FBI Director James Comey has even warned about the prospect of a "future 9/11" caused by the increased flow of foreign fighters from the Middle East. In his view, "all of us with a memory of the 1980s and 1990s saw the line drawn from Afghanistan ... to Sept 11. We see Syria as that, but an order of magnitude worse" because of the larger number of foreign jihadists in the country.

The numbers of foreign fighters who have already returned from the Middle East to their home countries is not certain. However, Richard Barrett, the former Head of Counter-terrorism at the UK's MI6, warned last year that "up to 300" foreign fighters from Syria may now be back in Britain alone.

The International Centre for the Study of Radicalisation at King's College London estimates that as many as 11,000 foreign fighters overall may have fought in Syria, from some 74 countries, the majority from Arab countries.

A central concern is that a significant number of these individuals, who include potentially as many as 2,000 from Western Europe (possibly as many as 400 from France), plus others from North America, Australia, Southeast Asia, and Africa, will return battle hardened with significantly greater terrorist capability and resolve.

The Paris attacks provide a propaganda coup for al-Qaeda at a time when its fortunes had appeared to be ebbing. The group has endured ongoing disagreement with IS which was created in April 2013 from one of al-Qaeda's affiliation organisations in Iraq. Both sides have since disavowed each other with IS accusing al-Qaeda last year of having "deviated from the correct path" and "divided the mujahedeen in every place".

Moreover, some three and a half years on from Osama bin Laden's assassination, al-Qaeda's central organisation has been significantly depleted. Ayman al-Zawahri lacks bin Laden's personal authority within the network, and the core has also been weakened by the assassination of numerous other senior terrorist leaders. 

A fundamental challenge for Mr Zawahri is that the central al-Qaeda leadership appears to still remain located largely in Pakistani tribal areas and borderlands.  However, the wider network has becoming increasingly decentralised and dispersed and thus less able to control. 

Accompanying this dispersion and decentralisation has been shifting focus of al-Qaeda groups and franchises whose attention in recent years has generally been as much on "local" national or regional issues, rather than the grander international designs of bin Laden.

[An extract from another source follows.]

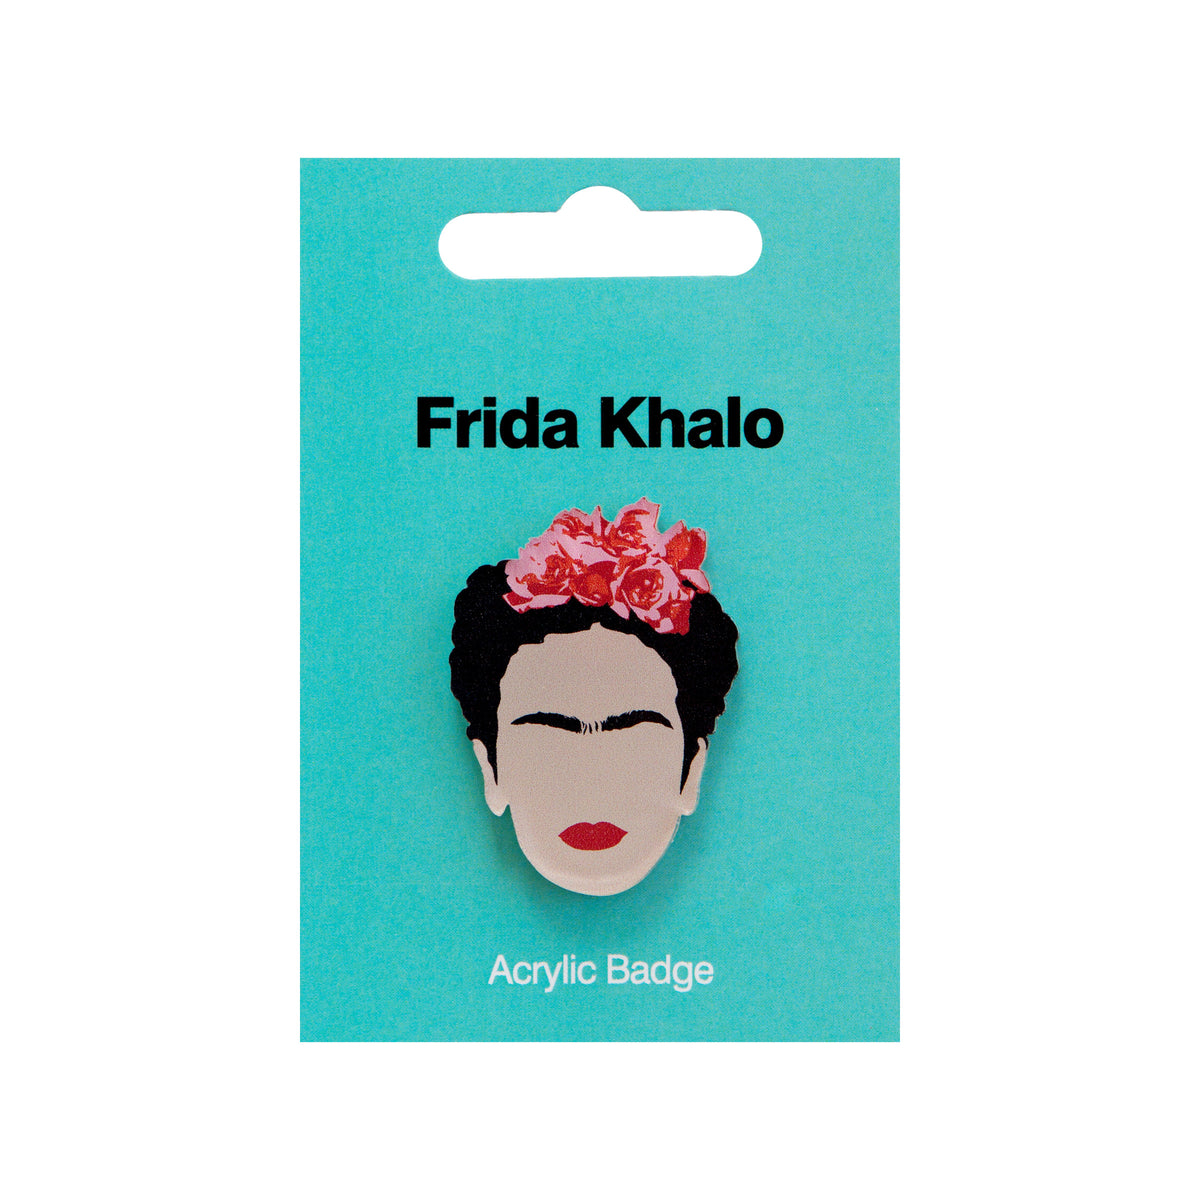 Frida Kahlo Acrylic Badge

In part, this probably reflects the greater difficulty of attacking key international targets many of whose defences have become significantly hardened since 9/11.

There has also been evolution in the geographical focal points of al-Qaeda activity.  Terrorist nodes of growing importance, for instance, have grown in key African and Middle Eastern countries, including Yemen, where political upheaval since bin Laden's death has allowed terrorists and other insurgents to secure greater foothold. 

AQAP was formed in 2009 as a "merger" between al-Qaeda's Yemeni and Saudi branches. The organisation is believed by US officials to have undertaken a series of bomb plots against US targets, including the foiled plan to bring down a Detroit-bound plane in 2009 using explosives hidden in a terrorist's underwear.

Reflecting the changed geographical risk pattern from al-Qaeda, US forces have redeployed themselves. For instance, the CIA has expanded its staff in Yemen, and also enhanced its air bases in the Gulf from which it can launch drone strikes into the country. 

Only last April, Washington launched a major drone attack which, according to the Yemeni government, killed at least two dozen militants. This is believed to have included foreign fighters in an al-Qaeda training camp in the remote mountainous area of Abyan.

Taken overall, while the central core of al-Qaeda has been diminished since bin Laden's demise, much of the wider terrorist network remains potent, including AQAP in Yemen. As world leaders have warned, dangers to international interests appear to be growing from threats fuelled by radicalised individuals returning from the Middle East with potentially greater terrorist resolve and capabilities.


Andrew Hammond is an associate at LSE IDEAS (the Centre for International Affairs, Diplomacy and Strategy) at the London School of Economics.